Extract shared text-to-SQL generation function
Problem
Three things need to happen: (1) extract a shared generate_sql() function from the divergent cloud and playground paths, (2) wire both render_dashboard and cloud AIService to share it as their SQL generation core, and (3) expose it as an ask_sql MCP tool so agents can go from natural-language question → SQL + results in one call. Currently there are two separate SQL generation paths with different prompt quality, no standalone text-to-SQL function for evals, and no way for an agent to ask a data question without building an entire dashboard.
Context
Current state: no isolated text-to-SQL path
Two separate SQL generation paths exist today, neither usable standalone:
-
Cloud
AIService.generate_sql()(apps/cloud/apps/ai/service.py:406) — takes a prompt + schema dict, returns SQL. But uses a minimal system prompt with just_format_schema(), missing the rich catalog/profile context that the playground agent gets. -
Playground/MCP agent flow (
dataface/ai/agent.py,apps/playground/prompts/yaml_generation.md) — the agent generates full YAML dashboards with SQL queries embedded inside. Schema context comes fromget_schema_context()which includes profile data, descriptions, etc. But there's no way to ask for just SQL — it always produces a complete dashboard.
The shared function must stay generic
Do not standardize the world around one schema_context blob. Different callers will get schema help in different ways:
- Dataface's profiled inspector/catalog
- a lighter filtered catalog tool
- direct
INFORMATION_SCHEMAqueries - an MCP tool owned by another system
- a checked-in memory file
- no schema tool at all
The shared function should therefore accept either a ready-to-use context bundle or a callable/context-provider object that can fetch/assemble context on demand. The contract is "help me answer this question with the context strategy you were given", not "everyone must pass the same schema dict shape".

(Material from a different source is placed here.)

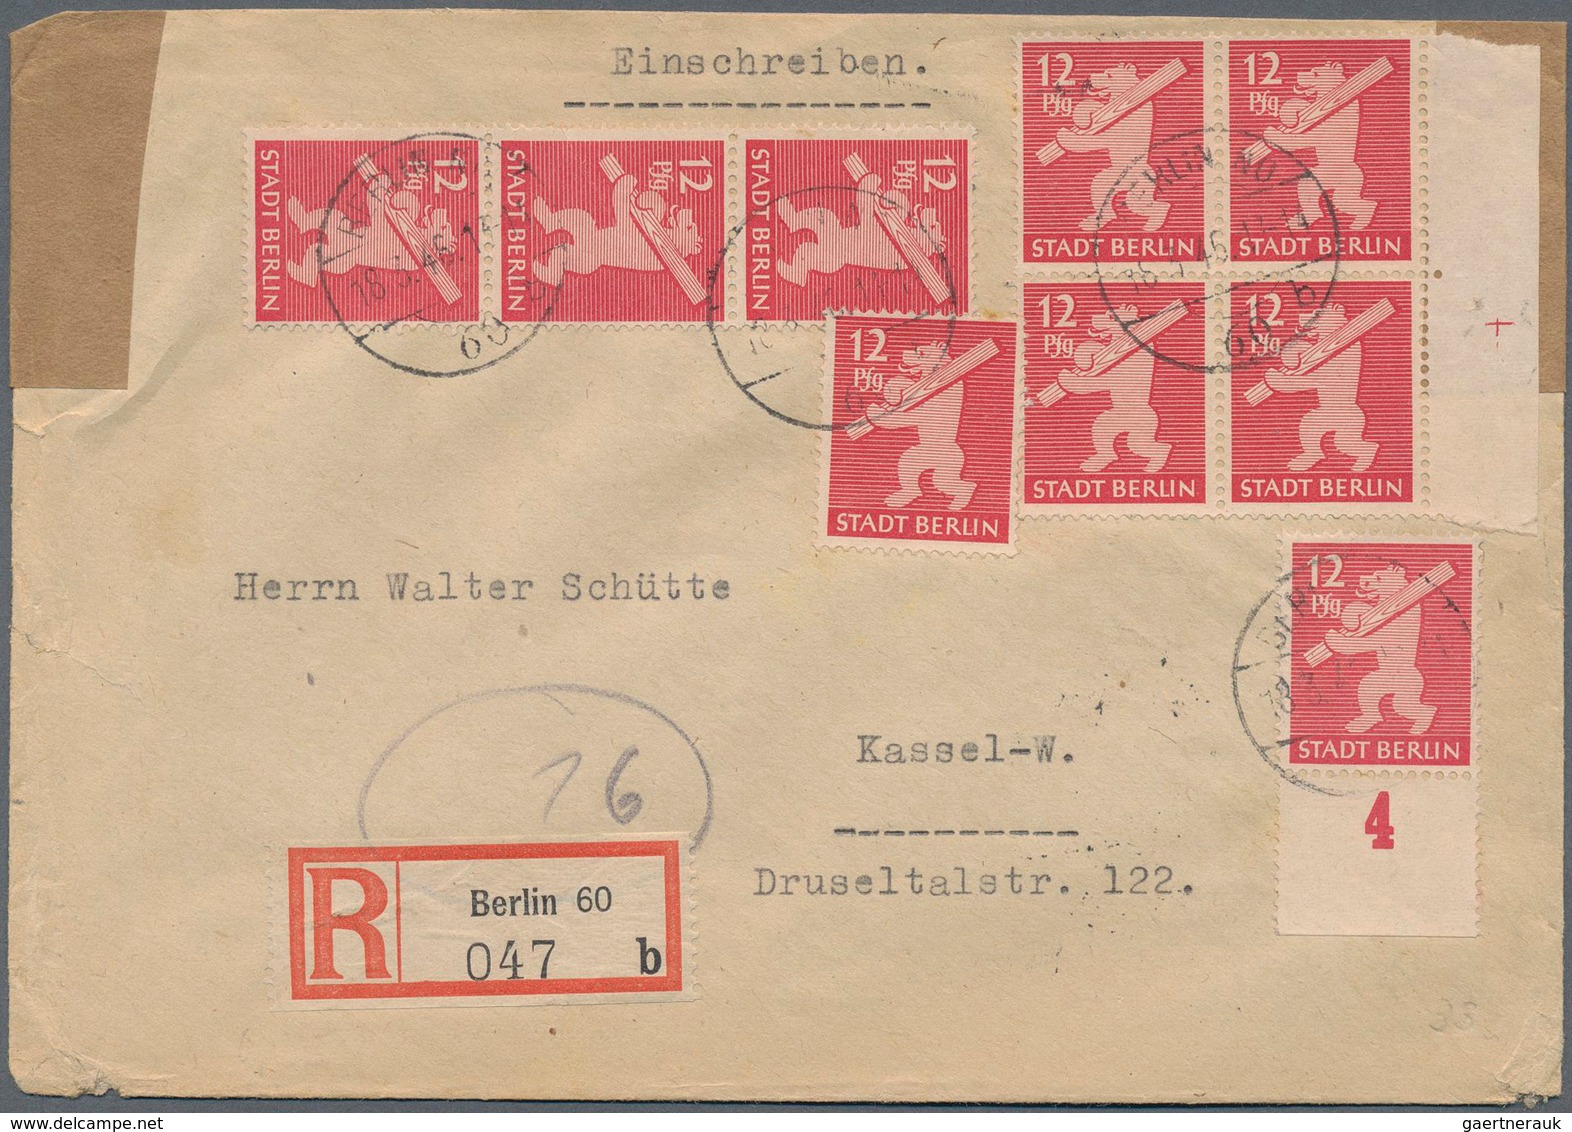 32245 Sowjetische Zone - Berlin und Brandenburg: 1945, Einzel- und Mehrfachfrankaturen: Spezialsammlung mi
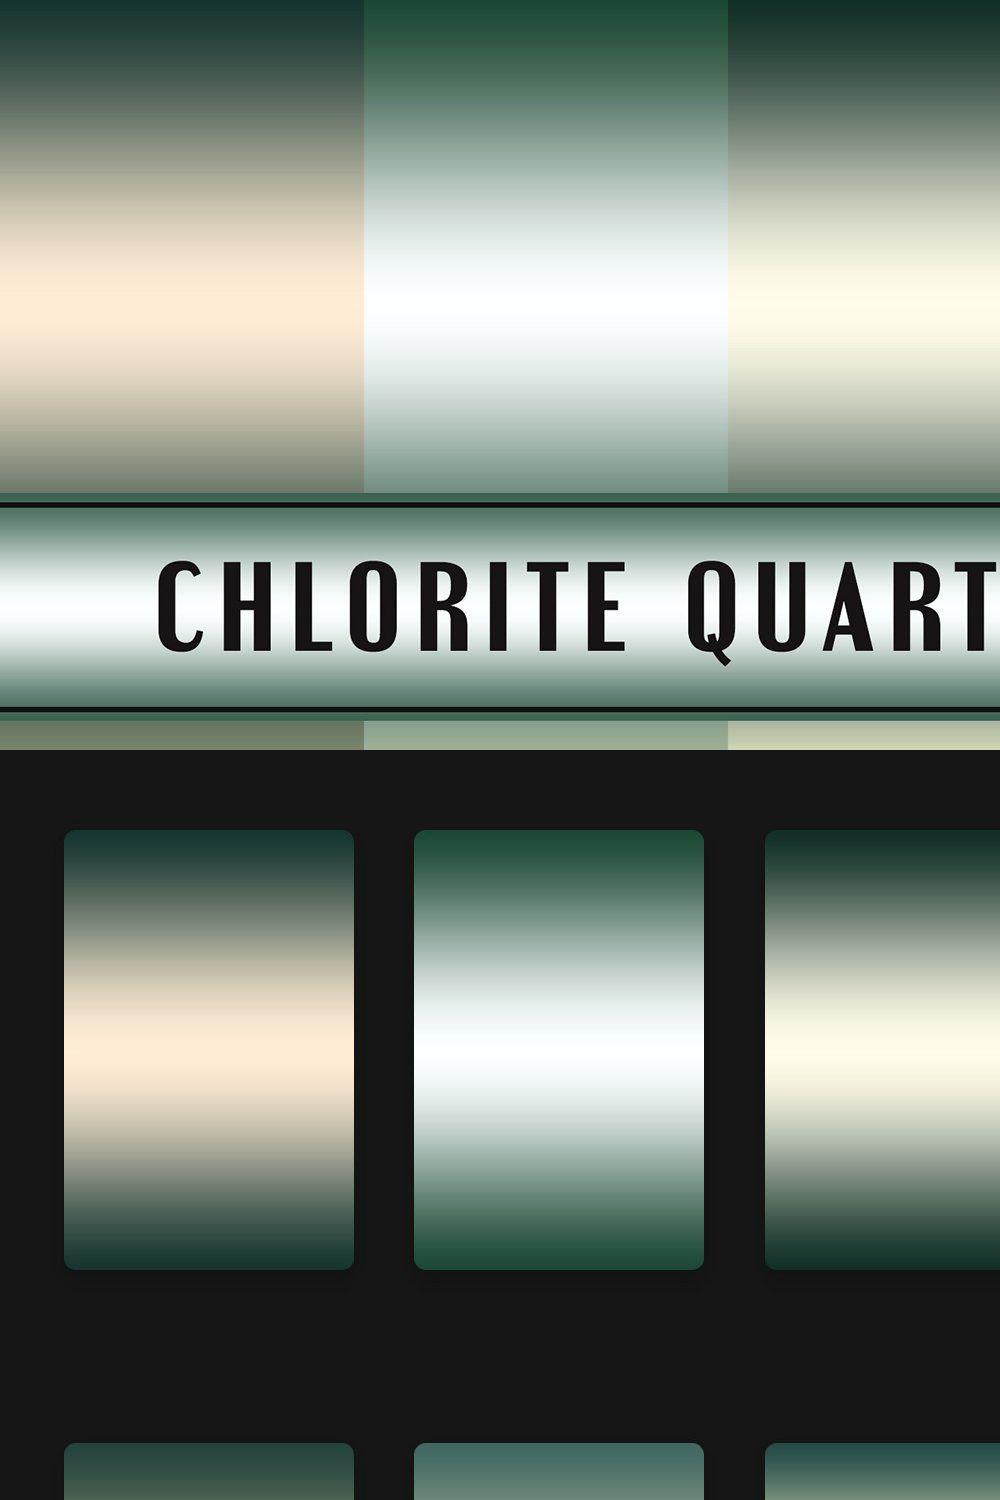 Chlorite Quartz Gradients pinterest preview image.

This matters for both product flexibility and ablation experiments: we want to vary the schema tool and which fields it exposes without rewriting the generation core.
Three deliverables
A. Extract the core function
Create generate_sql(question, context_provider, model) -> str in dataface/ai/ using the rich context pipeline from get_schema_context() for Dataface's built-in path, but without freezing the API around one static metadata structure. This is the function the eval runner calls.
B. Wire render_dashboard to use the same function
The dashboard generation agent currently has its own SQL generation baked into the YAML prompt. The extracted generate_sql should be the shared core that both the standalone eval path and the dashboard agent's SQL generation use. This doesn't mean the dashboard agent calls generate_sql as a separate step — it means the prompt, context assembly, and SQL generation logic come from the same module. When we improve SQL generation (better prompts, memories, etc.), the improvement shows up in both places automatically.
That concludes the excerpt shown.